If you're ok with guest stats being screwed up, I can look up the code changes required to stop it spitting out PHPSESSID.
Title: Re: Avoid recreating new PHPSESSID
Post by: SirLouen on June 24, 2018, 04:25:48 AM
Quote from: Arantor on June 24, 2018, 04:23:07 AM
If you're ok with guest stats being screwed up, I can look up the code changes required to stop it spitting out PHPSESSID.

Yes, I'm ok with this.
Title: Re: Avoid recreating new PHPSESSID
Post by: Arantor on June 24, 2018, 05:07:05 AM
Hmm, which of the pretty URLs mods are you using?
Title: Re: Avoid recreating new PHPSESSID
Post by: SirLouen on June 24, 2018, 05:12:39 AM
SMF Hacks version
Title: Re: Avoid recreating new PHPSESSID
Post by: Arantor on June 24, 2018, 05:24:09 AM
So, Pretty URLs? I don't use Pretty URLs any more, but it looks like you'd need to edit Sources/PrettyUrls-Filters.php:

Code (find) Select
$replacement .= (strpos($replacement, '?') === false ? '?' : ';') . (isset($PHPSESSID[0]) ? $PHPSESSID[0] : '') . ';' . (isset($sesc[0]) ? $sesc[0] : '') . (isset($session_var[0]) ? $session_var[0] : '') . (isset($fragment[0]) ? $fragment[0] : '');

Code (replace) Select
$replacement .= (strpos($replacement, '?') === false ? '?' : ';') . (isset($sesc[0]) ? $sesc[0] : '') . (isset($session_var[0]) ? $session_var[0] : '') . (isset($fragment[0]) ? $fragment[0] : '');

Note that I haven't tested this.
Title: Re: Avoid recreating new PHPSESSID
Post by: SirLouen on June 24, 2018, 05:27:35 AM
Quote from: Arantor on June 24, 2018, 05:24:09 AM
So, Pretty URLs? I don't use Pretty URLs any more, but it looks like you'd need to edit Sources/PrettyUrls-Filters.php:

Code (find) Select
$replacement .= (strpos($replacement, '?') === false ? '?' : ';') . (isset($PHPSESSID[0]) ? $PHPSESSID[0] : '') . ';' . (isset($sesc[0]) ? $sesc[0] : '') . (isset($session_var[0]) ? $session_var[0] : '') . (isset($fragment[0]) ? $fragment[0] : '');

Code (replace) Select
$replacement .= (strpos($replacement, '?') === false ? '?' : ';') . (isset($sesc[0]) ? $sesc[0] : '') . (isset($session_var[0]) ? $session_var[0] : '') . (isset($fragment[0]) ? $fragment[0] : '');

Note that I haven't tested this.

Yes Pretty URLS by SMF Hacks:
http://custom.simplemachines.org/mods/index.php?mod=636

I'm not 100% but it seems that with that modification, you virtually kill the PHPSESSID system in the whole SMF platform?
Title: Re: Avoid recreating new PHPSESSID
Post by: Arantor on June 24, 2018, 05:31:14 AM
Well, yes, that's rather the point.

Regular users use cookies which carry the PHPSESSID with them, but platforms that don't carry cookies have the session ID shoved into the URL so that you can identify how many 'guest' users there are because invariably the guest users are bots and identifying approximately how many bots online is interesting/useful for performance tracking purposes.

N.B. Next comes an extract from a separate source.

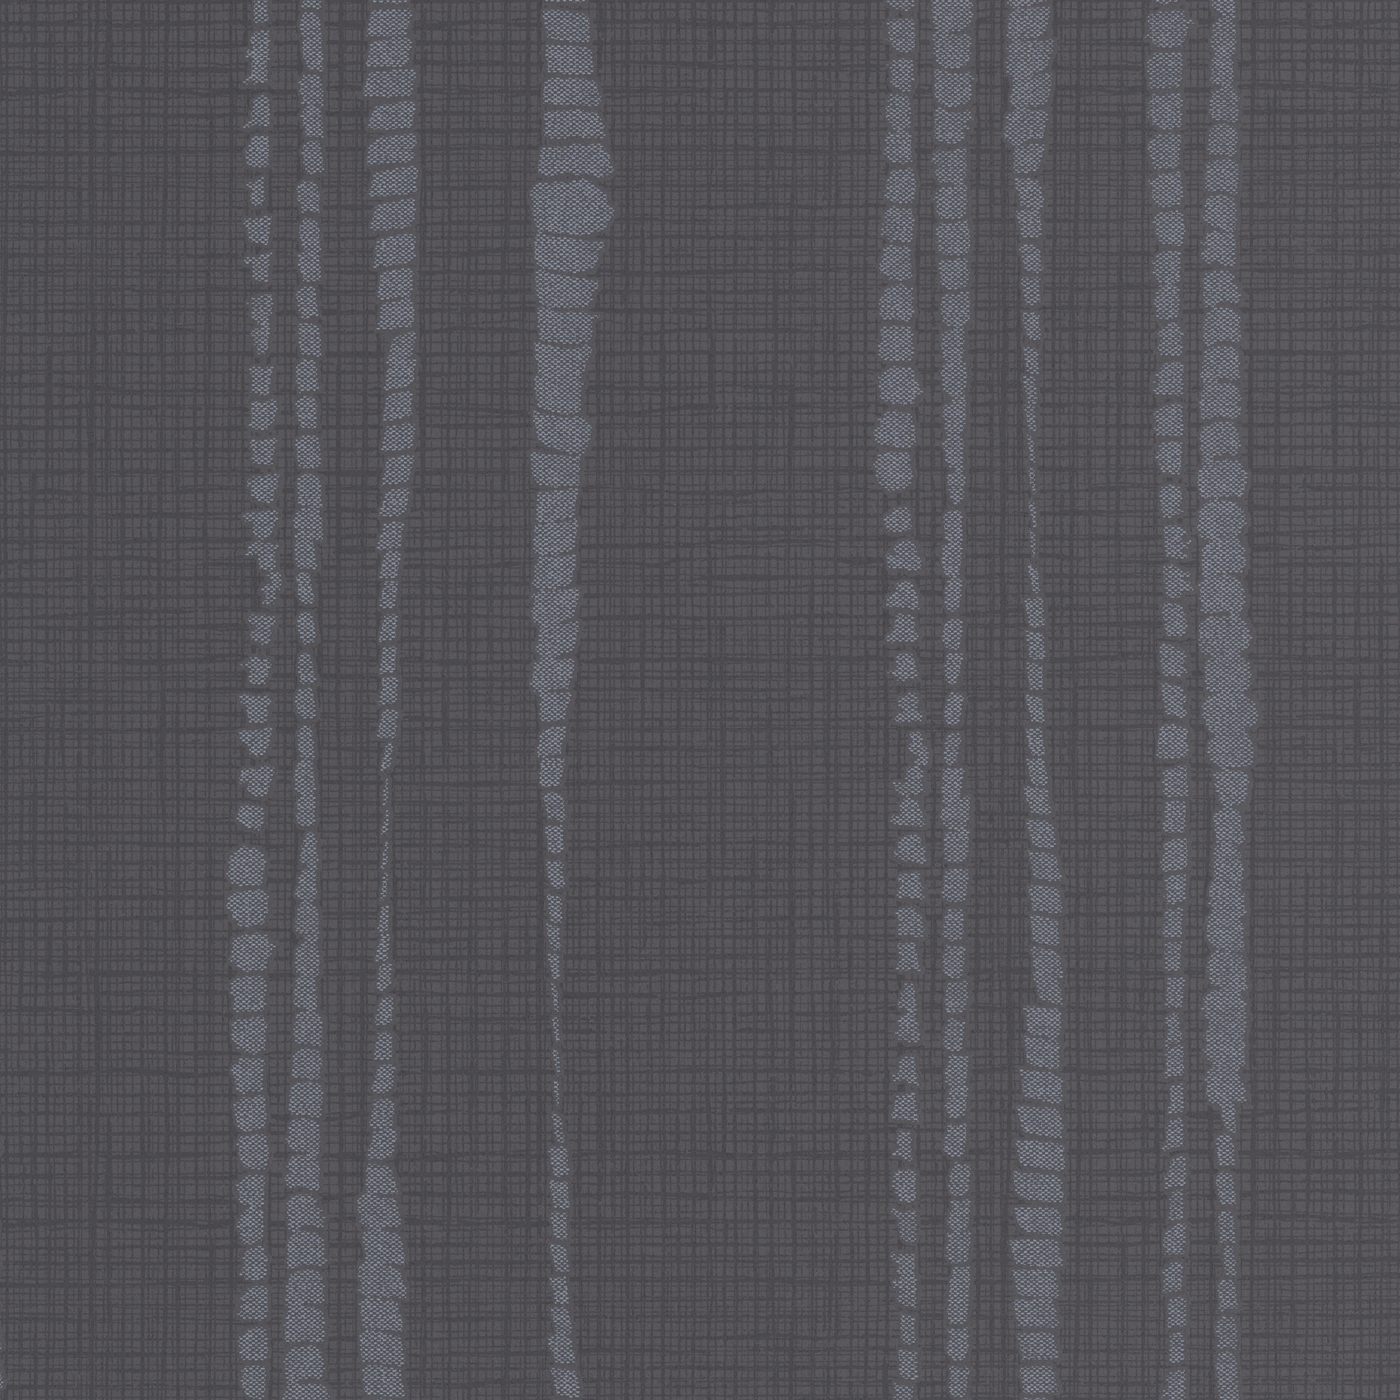 Graham Brown Kelly Hoppen Style Laddered Stripe Wallpaper

This should remove it being reinjected back into the URL - the thing you asked about.
Title: Re: Avoid recreating new PHPSESSID
Post by: SirLouen on June 24, 2018, 05:32:46 AM
But essentially this isn't the same as setting php vars like?

session.use_trans_sid = 0
session.use_only_cookies = 1
Title: Re: Avoid recreating new PHPSESSID
Post by: Arantor on June 24, 2018, 05:35:15 AM
Um, yes, that's again kind of the point? Except for the fact that Pretty URLs (and typically SMF) will just rewrite the URL for you regardless of that setting.
Title: Re: Avoid recreating new PHPSESSID
Post by: SirLouen on June 24, 2018, 05:42:17 AM
Ok, I was a little bit "scared" of killing PHPSESSID because it could bring security inconveniences as I read somewhere.
If the problem is only related to guest stats, it doesn't matter much, because I track everything through GA, never through the internal stat platform.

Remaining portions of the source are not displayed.